Wednesday, June 3, 2009

Alfred P. Sloan Jr.: An Idea-Friendly Guy


How do you present a new idea at a board meeting? Do you just lob it into the discussion? Do you "seed" the idea in advance of the meeting with the CEO and/or other fellow directors? Do you keep your mouth zipped if the boardroom is a no-new-ideas zone and everyone likes things the way they are?

This is a robust topic — as I was surprised to learn when I teed up the question for the readers of the Directors & Boards e-Briefing, the journal's monthly online newsletter. Click here to see how numerous and thoughtful the responses were that we published in the just-released June edition. 

This whole debate was instigated when I told the story of how one prominent executive was swatted back when she presented what she thought was "a great idea" at a board meeting. You can read that story here in my editor's note in the May e-Briefing.

As a capper to the above exchanges of opinion, here is one tactic guaranteed to ensure a free flow of ideas in a boardroom. Howard Guttman, a consultant specializing in building high-performance teams, tells this story in his recent book, Great Business Teams: Cracking the Code for Standout Performance (Wiley, 2008).

It concerns the legendary corporate chieftain Alfred P. Sloan Jr., head of General Motors at a much more auspicious time in the industrial behemoth's history. At a meeting of one of GM's top committees in the 1920s, Sloan said, "Gentleman, I take it we are all in complete agreement on the subject here." Heads nodded around the table. "Then," continued Sloan, "I propose we postpone further discussion of this matter until our next meeting, to give ourselves time to develop disagreement and perhaps gain some understanding of what the decision is all about."

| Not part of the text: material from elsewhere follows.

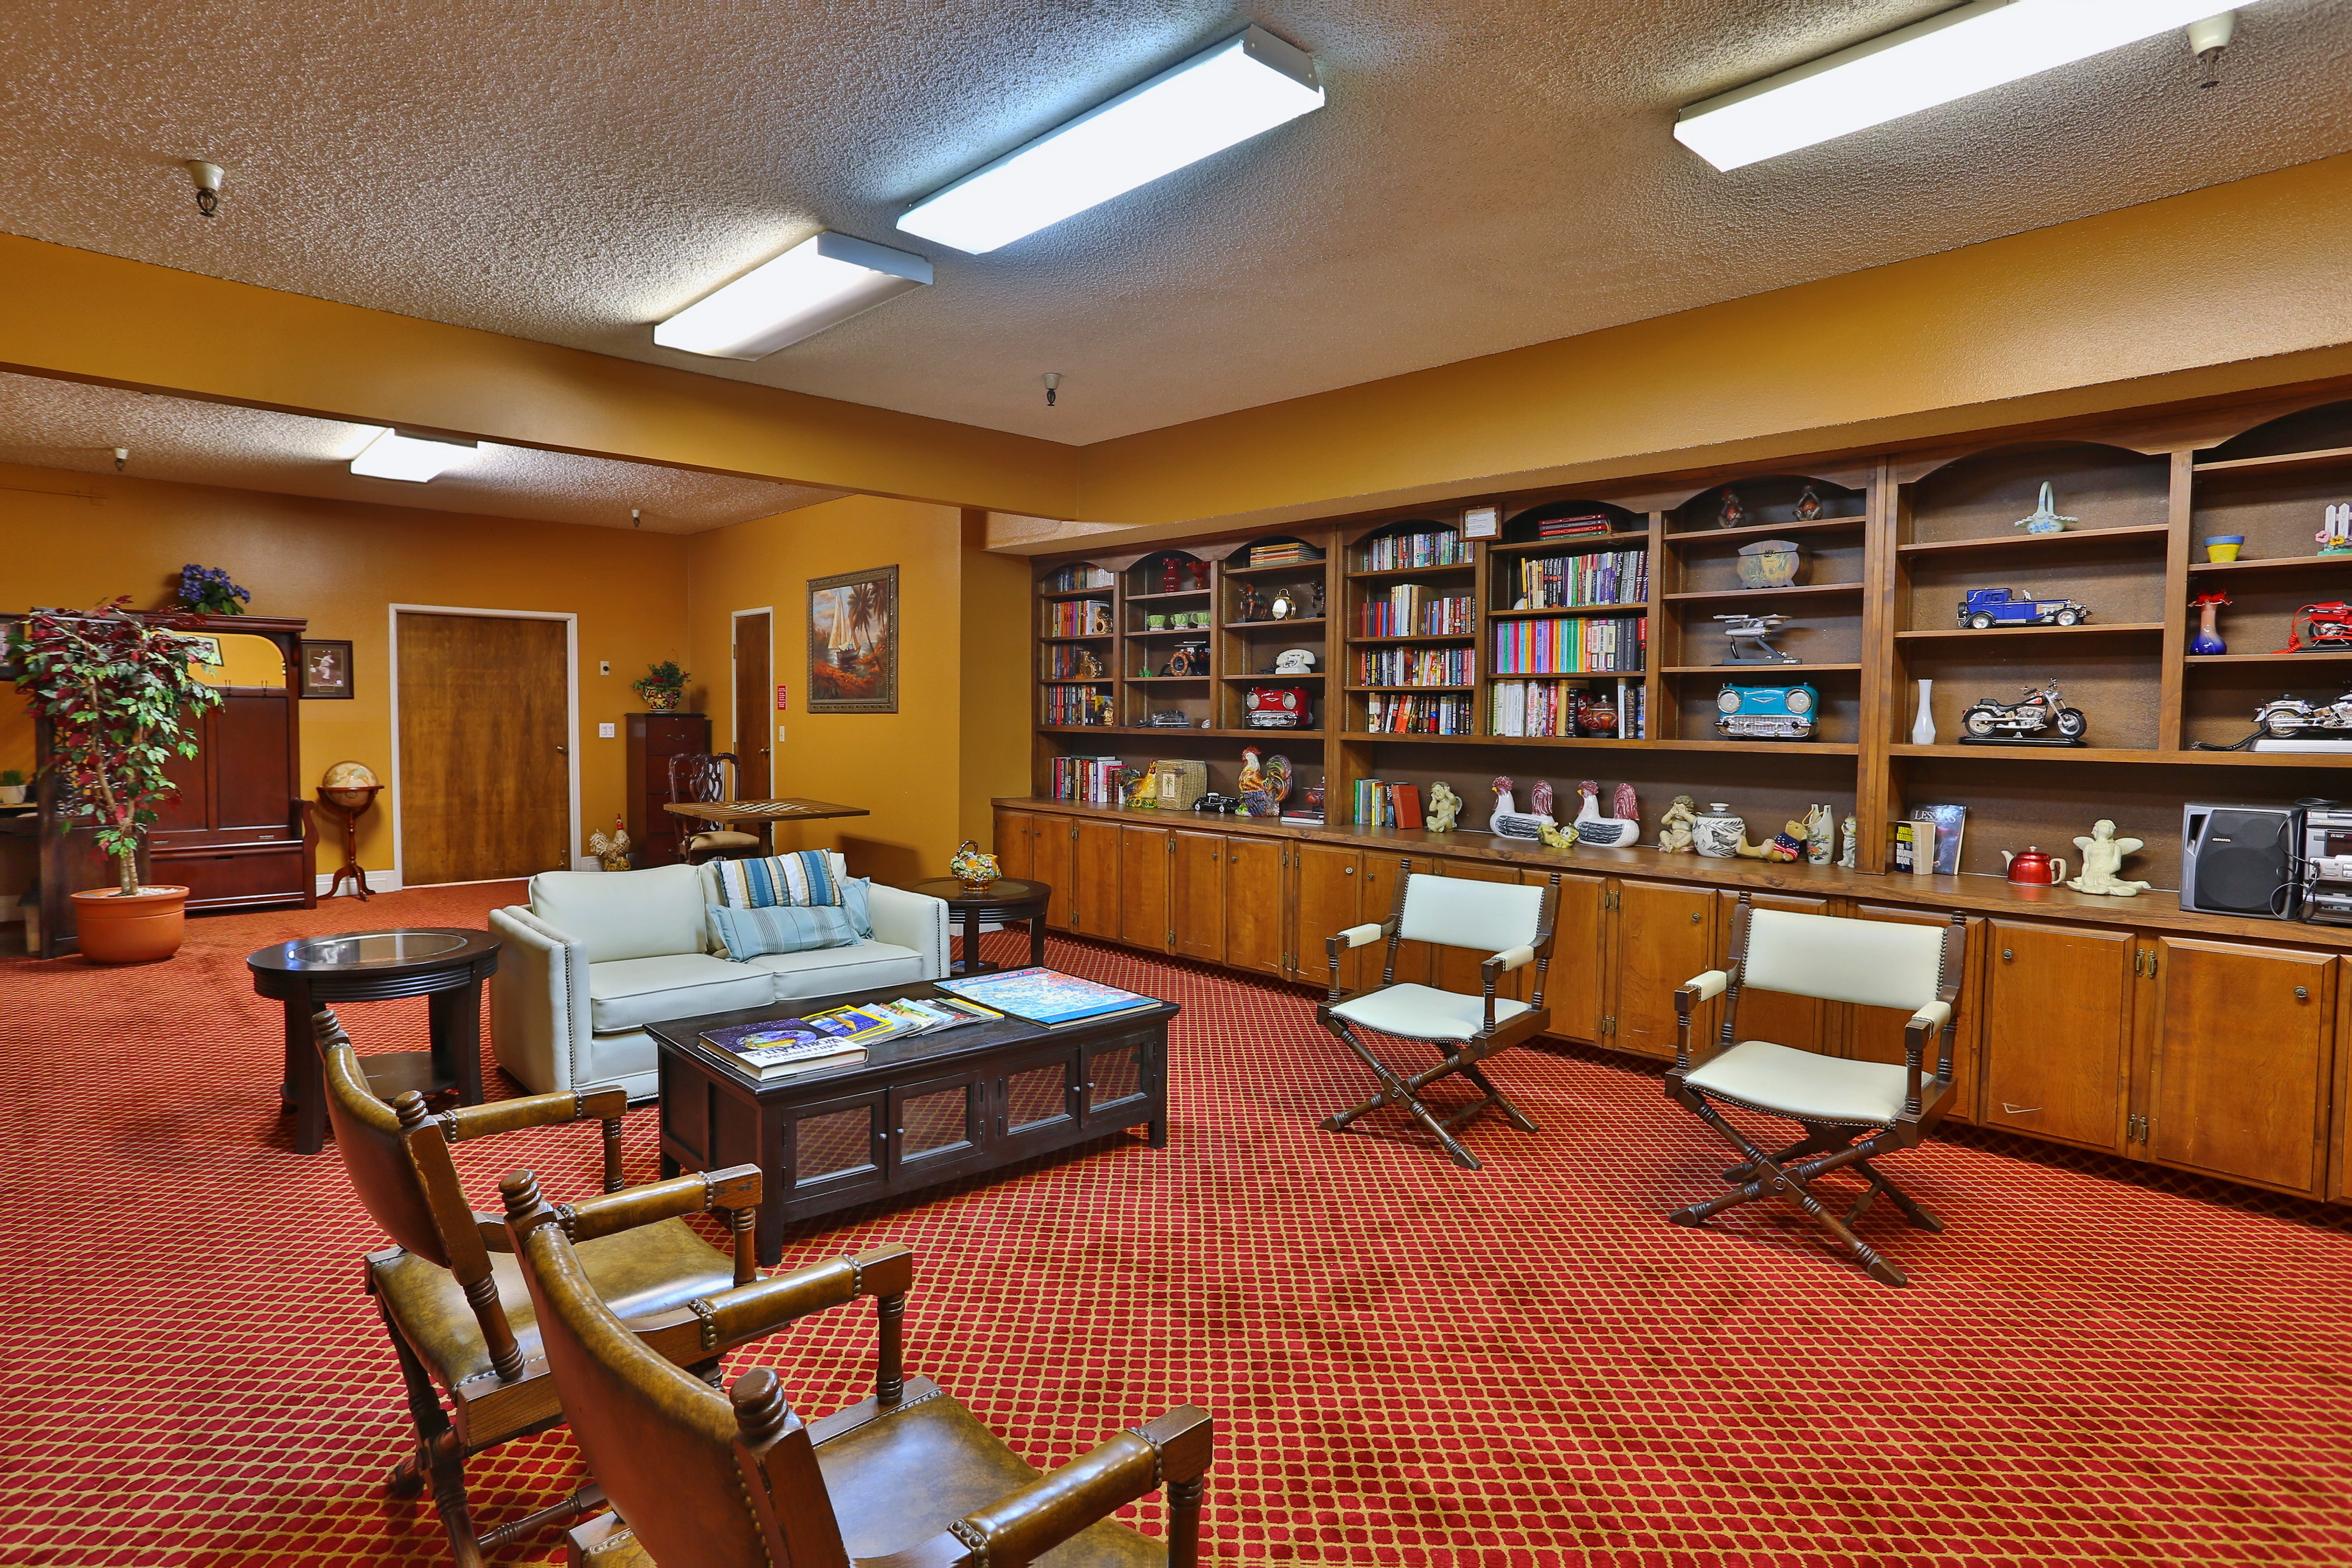 Villa Redondo Library

A wonderful anecdote, no? And what a choice bit of wisdom for board chairman and members to apply to eliminate any doubt about whether new ideas are welcome once you step into a board meeting.

It also makes one wonder, doesn't it, about the fate of GM. Would the company be declaring bankruptcy this week if Sloan's philosophy on debate and dissent in the company's meeting rooms — a philosophy that presumably included the boardroom — had still been operative under successive managements and boards?